A part of his personality that leans into risk, if the weather is just right.
His enthusiasm for buying the flat which every expert we’d encountered had warned us not to touch.
Some worryingly fearless potholing with Darren in Wales that time.
Befriending the particularly aggressive border collie that used to live next door to Ingrid.
Agreeing to take a ride in a helicopter flown by a guy seemingly keen to impress Josh’s mum, who might or might not have actually been qualified to pilot the thing.
I frown. ‘I’m not sure Josh thinks it’s that much of a risk, though. Or maybe that’s what he’s telling himself, anyway. He reckons everyone’s going to be taking them soon.’
Polly looks alarmed. In the lamplight, her high cheekbones are gilded gold. ‘But who knows what could be in them?’
I’m so close to saying, I do trust Wilf, in a way, and only just stop myself.
‘Would either of you take it?’ I say instead. ‘Joking aside.’
‘Nah,’ Ingrid says, after less than a moment’s consideration. ‘I’m quite looking forward to getting old. Can’t wait to be able to get away with some of the shit my nan does. The woman is outrageous.’
I smile, despite myself. The latest story to come out of the nursing home was that Nana Watson had recently feigned what amounted to a full psychotic break just to liven up an otherwise boring Tuesday.
‘Poll?’ I say, turning to my oldest friend.

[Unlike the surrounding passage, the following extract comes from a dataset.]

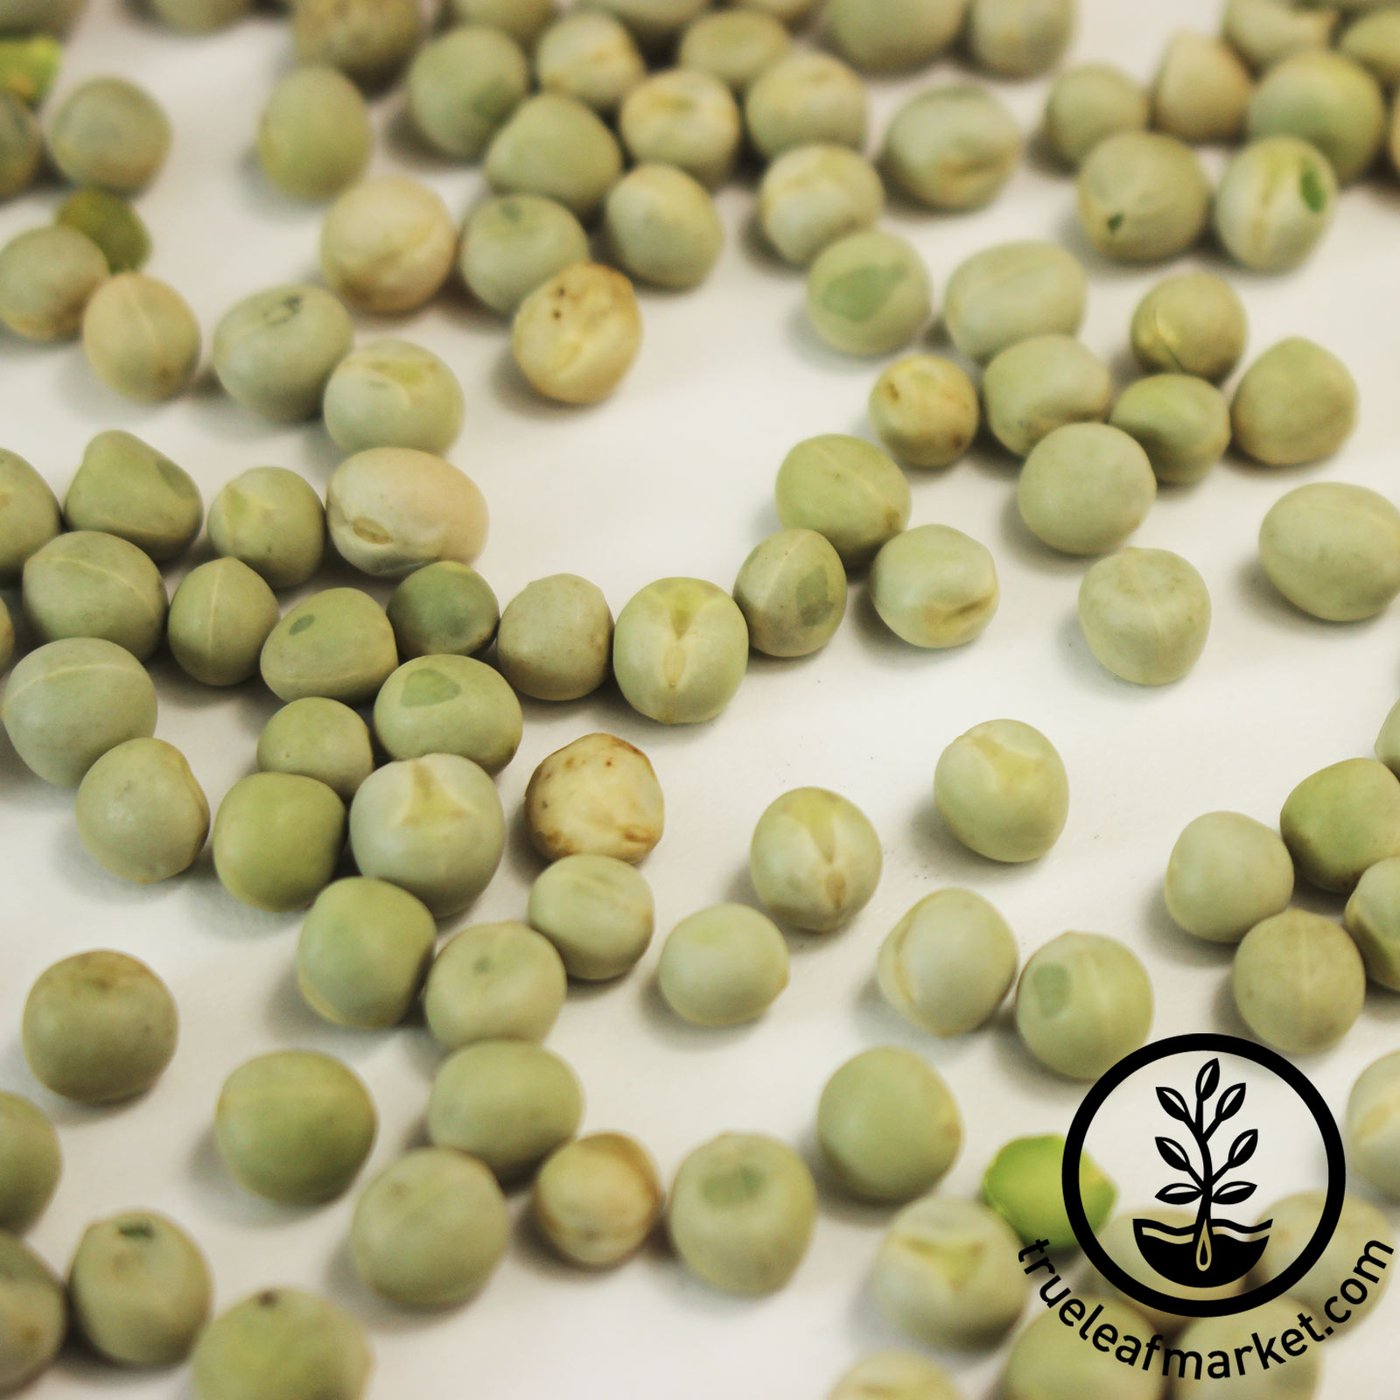 Organic Pea Seed | Pea Shoots | Pea Sprouts

‘A tablet to preserve me like this? Christ, no,’ she says, almost apologetically. ‘Might have when I was eighteen, though.’
Ingrid reaches out and takes my hand, which she doesn’t do very often, not being predisposed to tactility. I try not to look at the skull ring on her middle finger, the rubies for eyes seemingly trying to find mine.
‘The only thing you both need to do now is hang tight,’ she says. ‘In a year’s time we’ll be sitting here saying how relieved we are that all this is behind us. Trust me. It’s going to be okay.’